> **GIVEN MATERIAL**
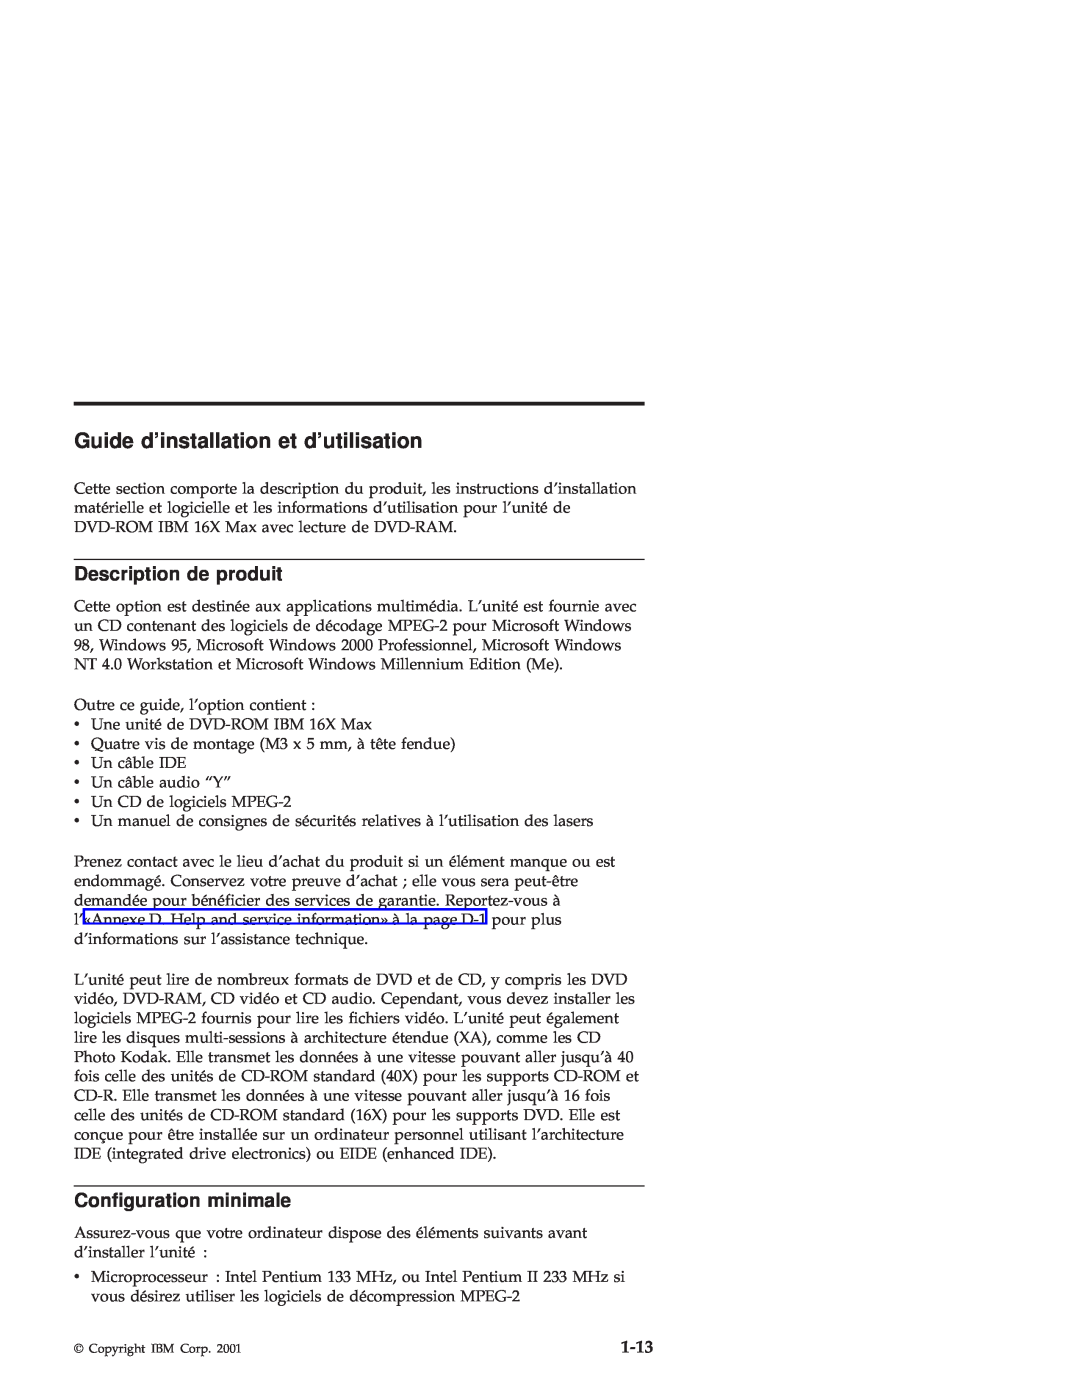 IBM 71P7285 manual Guide dinstallation et dutilisation, Description de produit, Configuration minimale, 1-13 
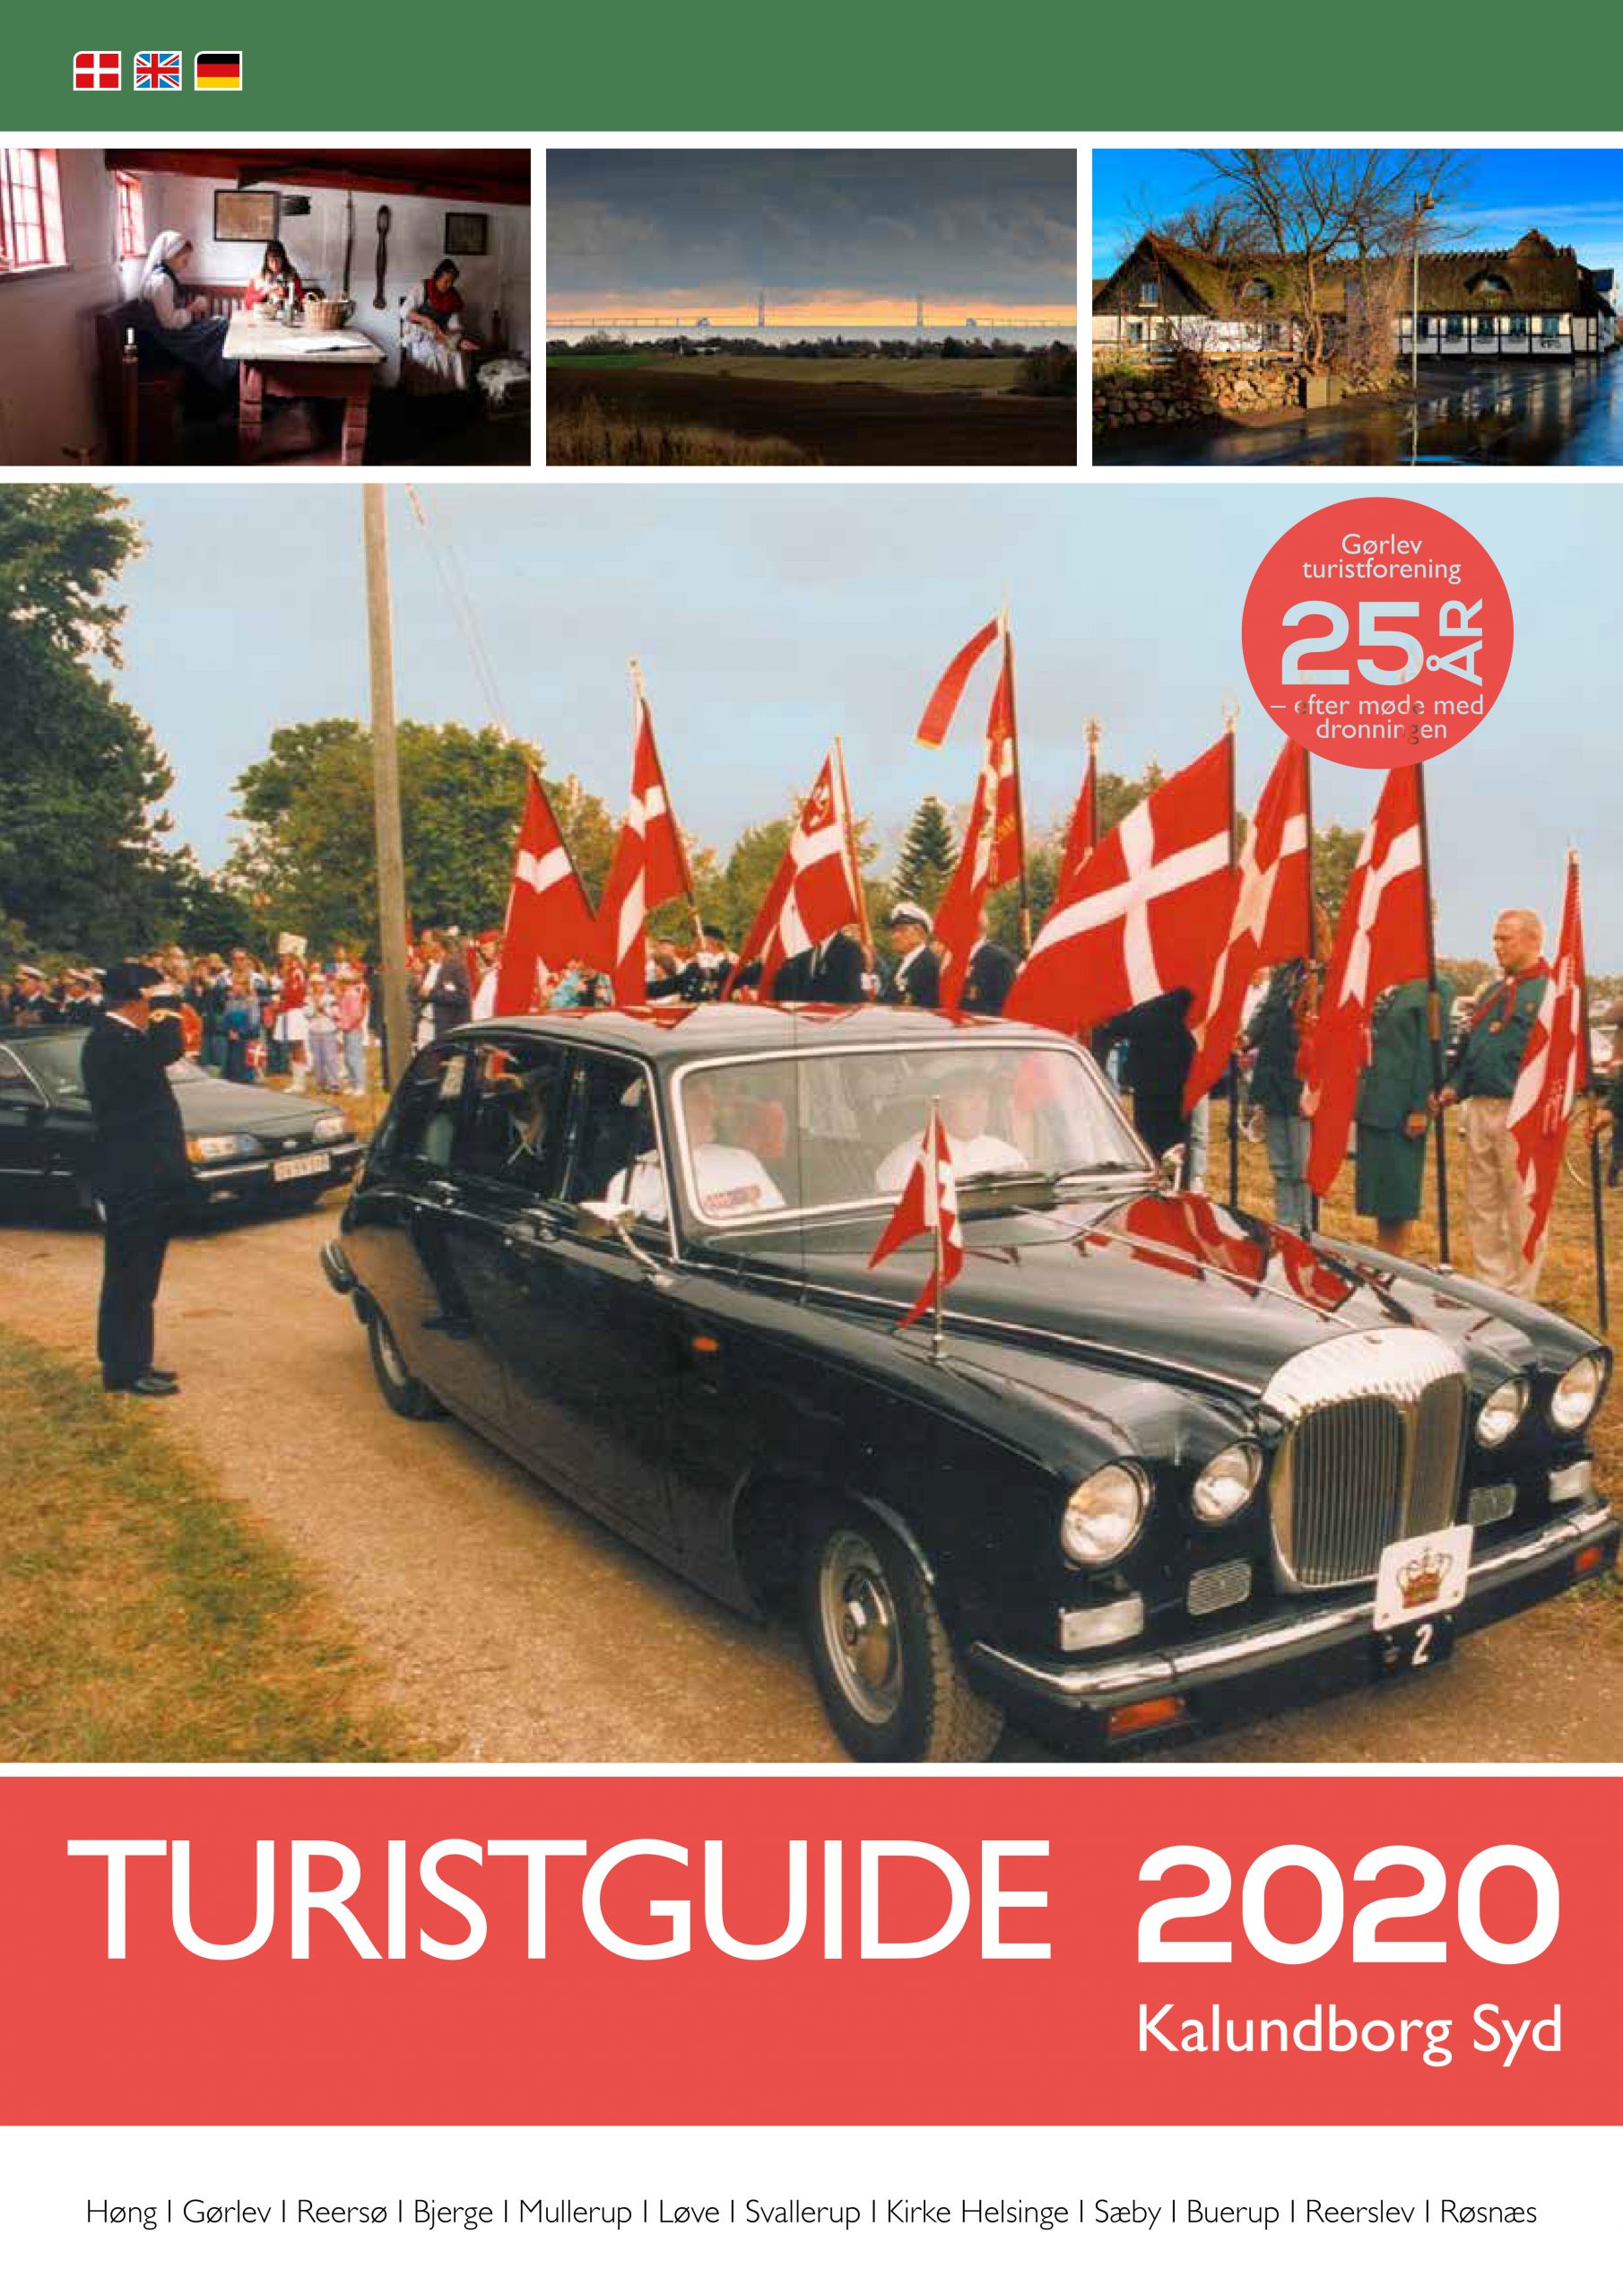 Gørlev Turistguide 2020 _WEB-1 Forside til webside
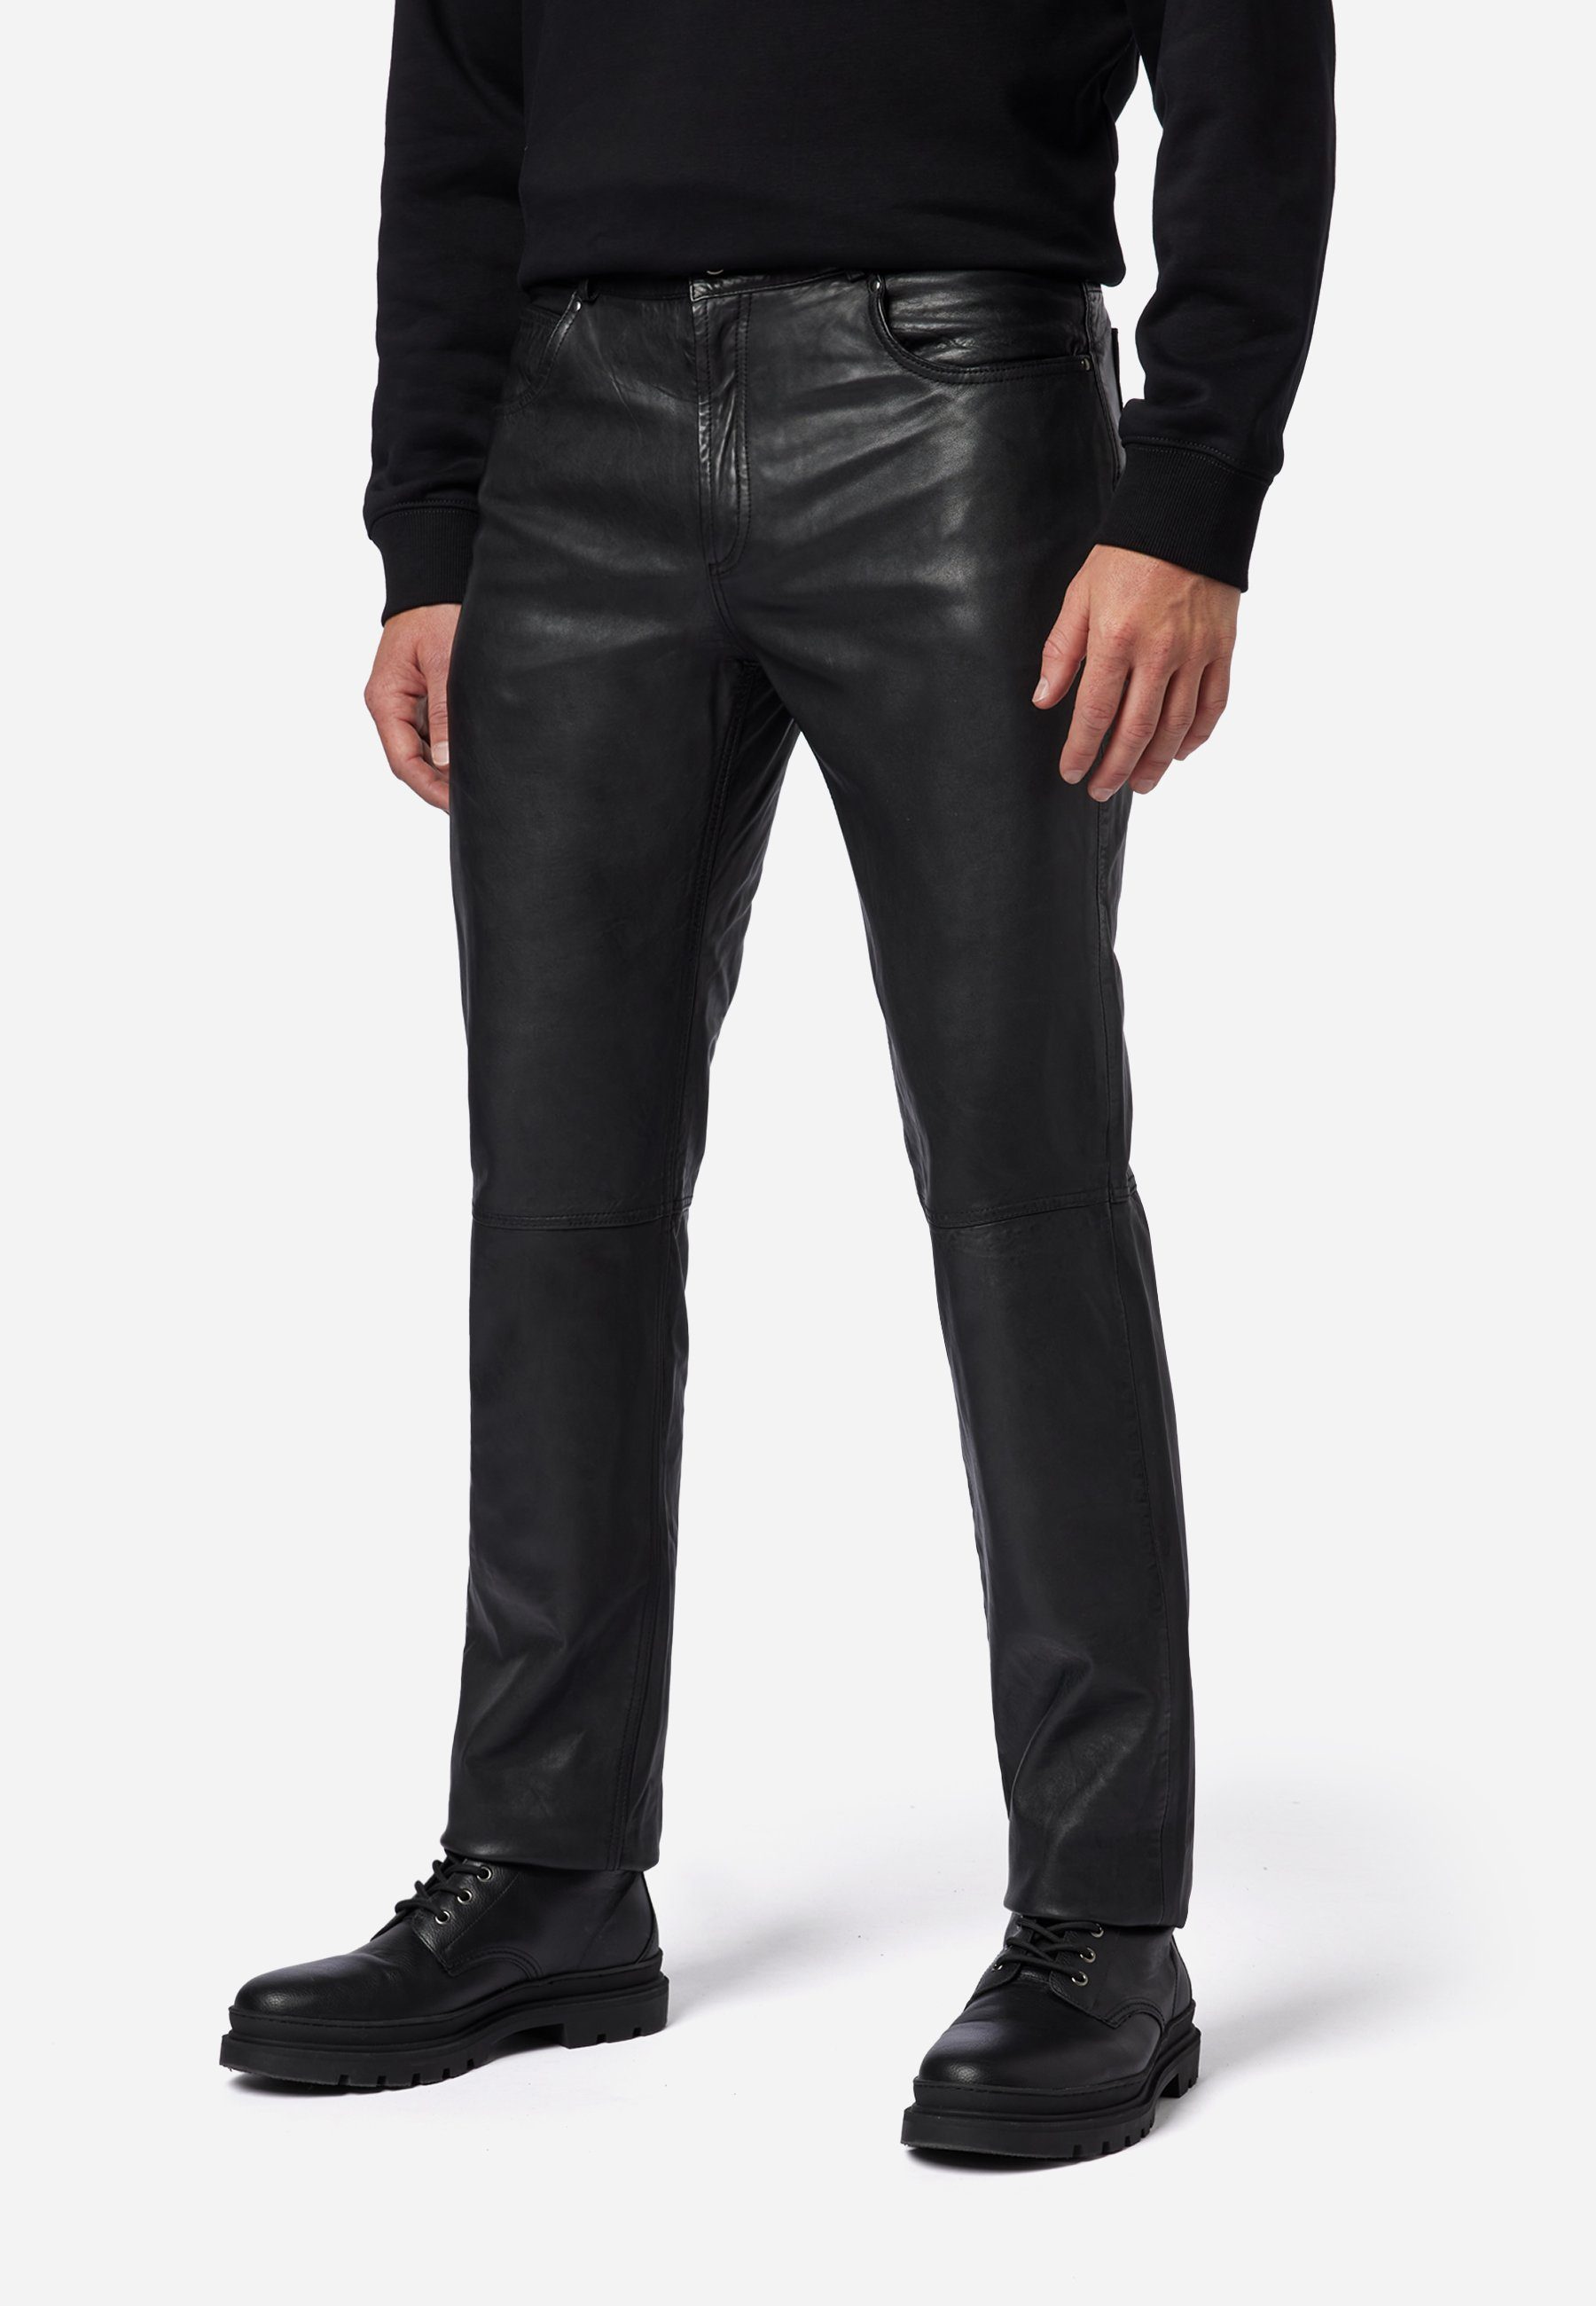 RICANO Lederhose Jeans-Optik Hochwertiges Leder; 5-Pocket Trant Schwarz Pant Lamm-Nappa

> **WHAT THE TASK ASKS**
Starting from the line where "Gørlev Turistguide 2020" appears, copy every line through the end of the material, both ends included, but no pictures.

> **ANSWER FOR THIS EXERCISE**
 Gørlev Turistguide 2020 _WEB-1 Forside til webside
 RICANO Lederhose Jeans-Optik Hochwertiges Leder; 5-Pocket Trant Schwarz Pant Lamm-Nappa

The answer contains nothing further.